EKBIS.CO, SLEMAN -- Dinas Pendapatan Daerah (Dispenda) Sleman kesulitan dalam menginventarisasi wajib pajak untuk kategori Pajak Bumi dan Bangunan (PBB). Hal ini terjadi lantaran status kepemilikan lahan di Sleman mudah berubah dalam waktu yang cepat.
Antara lain karena aktivitas jual beli tanah yang tinggi. Bahkan Kepala Bidang Penagihan Dispenda Sleman, Wahyu Wibowo mengemukakan, tak jarang dalam satu tahun pemilik atas lahan di Sleman dapat berganti tiga hingga empat kali. "Kami sulit melacak pemilik tanah. Apalagi tanah yang kosong, pemiliknya kadang tidak diketahui," tutur Wahyu, Ahad (30/10).

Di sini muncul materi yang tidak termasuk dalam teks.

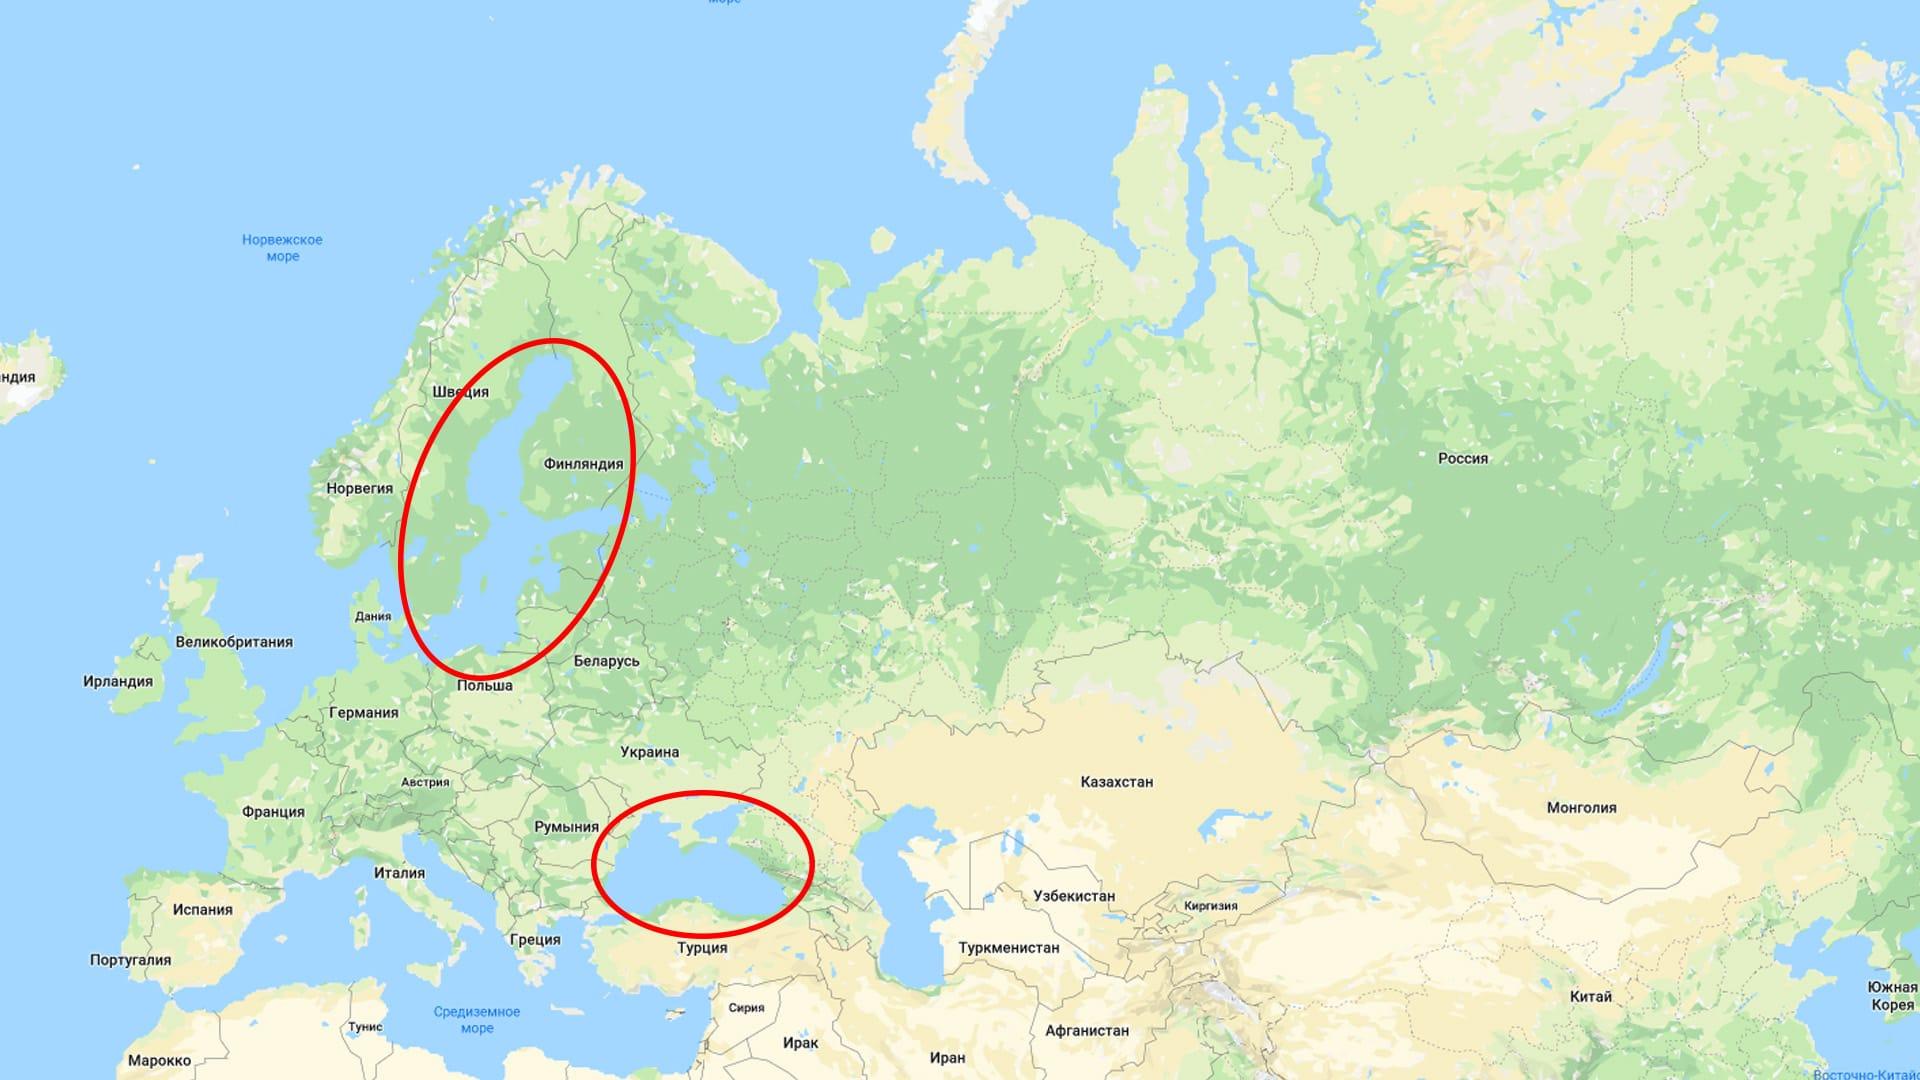 Моря Атлантического океана, омывающие Россию
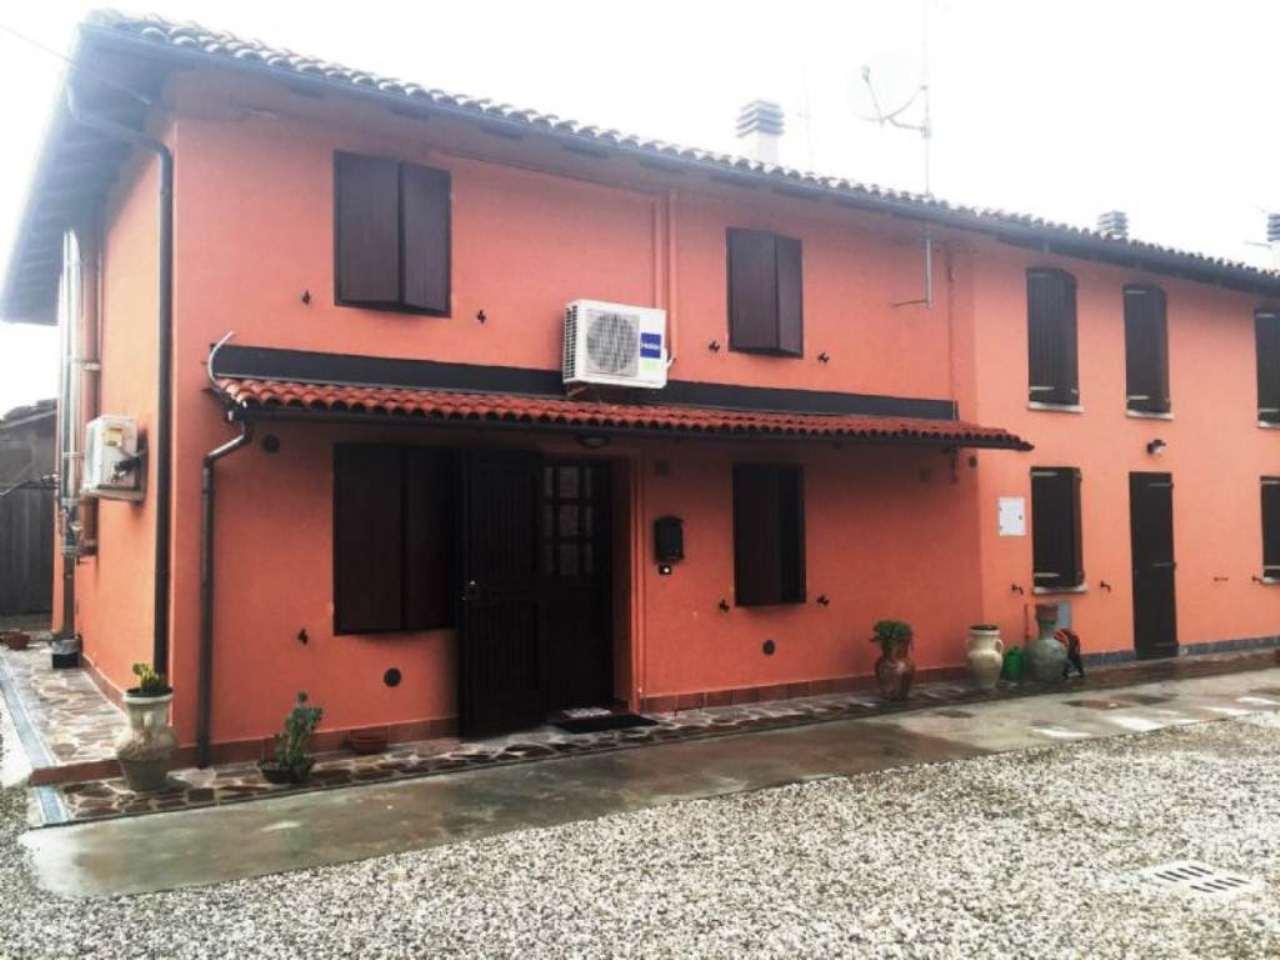 Soluzione Semindipendente in vendita a Malalbergo, 5 locali, prezzo € 195.000   Cambio Casa.it

Menurutnya, petugas pajak sering melakukan penagihan sekaligus pendataan terhadap wajib pajak. Namun kendala yang terjadi pada tanah kosong adalah pemilik yang tidak ada di tempat. Bahkan tak jarang masayarakat di sekitar lahan tersebut tidak mengetahui siapa pemilik lahan sebenarnya.
Ditambah saat ini kebanyakan lahan di Sleman sudah berpindah kepemilikan pada orang luar daerah yang tidak diketahui tempat tinggalnya. Maka itu, saat ini masih banyak surat pemberitahuan pajak terutang (SPPT) lahan kosong yang belum bisa dilacak.
Selain itu, jika telah diketahui pemiliknya, sering kali orang yang bersangkutan tidak mau membayar pajak dengan dalih SPPT lahan bukan miliknya. Hal ini terjadi karena setelah jual beli berlangsung nama atas SPPT dalam lahan belum diganti, melainkan masih mencantumkan nama pemilik lama.
Guna memaksimalkan pendapatan pajak, Dispenda Sleman akan melengkapi naman-nama wajib pajak PBB. "Kami akan melakukan validasi BPHTB (bea perolehan atas tanah dan bangunan) agar setelah penjualan tanah SPPT-nya bisa langsung balik nama juga," kata Wahyu.
Adapun wilayah dengan aktivitas perpindahan kepemilikan lahan tertinggi meliputi Kecamatan Depok, Gamping, Ngaglik, dan Mlati. Hingga saat ini pendapatan pajak tertinggi di Kabupaten Sleman berasal dari BPHTB. Rata-rata per tahun, perolehannya mencapai Rp 155 miliar.